Вторая «Зимняя Война» — страница 40 из 58

Казалось бы, живи и радуйся, но почти сразу после завершения войны с большевиками по приказу маршала Пилсудского офицеров русской службы стали удалять из армии как неблагонадежных… Воевал за Россию – значит, потенциальный предатель. Большинство новых внезапно образовавшихся из «борцов за свободу» генералов и полковников вообще не имели военного образования и ни одного дня не служили ни в одной армии, зато гонора и амбиций у них было хоть отбавляй. Выгнали из войска польского и меня. Хорошо хоть не записали в подозрительные, потому что так очень легко было оказаться в концентрационном лагере вместе с коммунистами, неисправимыми уголовниками, а также украинским и белорусским националистическим отребьем. Помыкавшись без места, мне удалось устроиться учителем начальной школы в родных местах. Потом женился, жена родила сына и дочку… И когда мне показалось, что все наладилось, на Польшу снова напал германец и меня снова призвали в армию. Но никаких подвигов я совершить не успел. Самодельные генералы-политиканы, как и положено дилетантам, просрали войну в две недели и удрали в Румынию, бросив еще сражающуюся армию и всю Польшу, в которой еще оставались люди, желающие сражаться.

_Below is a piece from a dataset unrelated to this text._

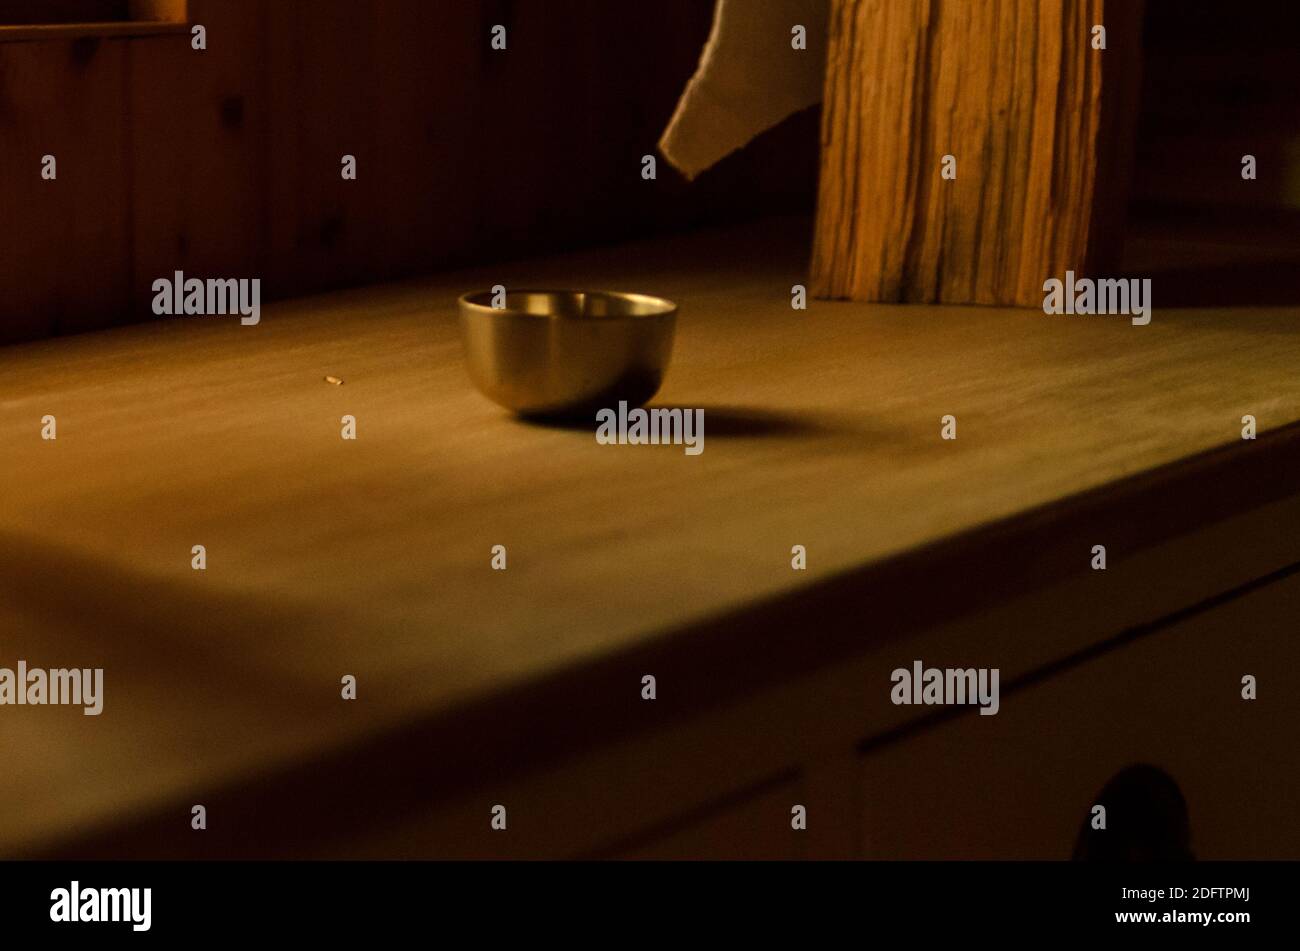 Golden brass singing bowl on a wooden table in dramatic light Stock Photo

И только после этого в страну, формально оставшуюся без руководства, начала входить Красная Армия – для того, чтобы не допустить оккупации Всходних Кресов германским вермахтом. Я сам там был и все видел. К тому моменту польские войска были полностью деморализованы бегством правительства и военного командования и уже почти не оказывали большевикам и немцам никакого сопротивления. Поскольку я был в военной форме, то большевики, конечно же, подвергли меня интернированию – и я оказался в лагере в Катыни. А потом стали вылезать старые дела, о которых, я думал, все уже забыли. Бывший царский офицер, служивший верой и правдой царю Николаю, потом участник советско-польской войны, да еще награжденный за это орденом – одни словом, получилось, что я активный антисоветский элемент, которого нельзя допускать к работе учителем, потому что он будет учить детишек только плохому. По счастью, я и близко не приближался к местам, где в двадцатом году содержались захваченные в плен красноармейцы – а то некоторые из моих товарищей по несчастью, имевших к ним непосредственное отношение, исправно получили свои десять лет лагерей без права переписки.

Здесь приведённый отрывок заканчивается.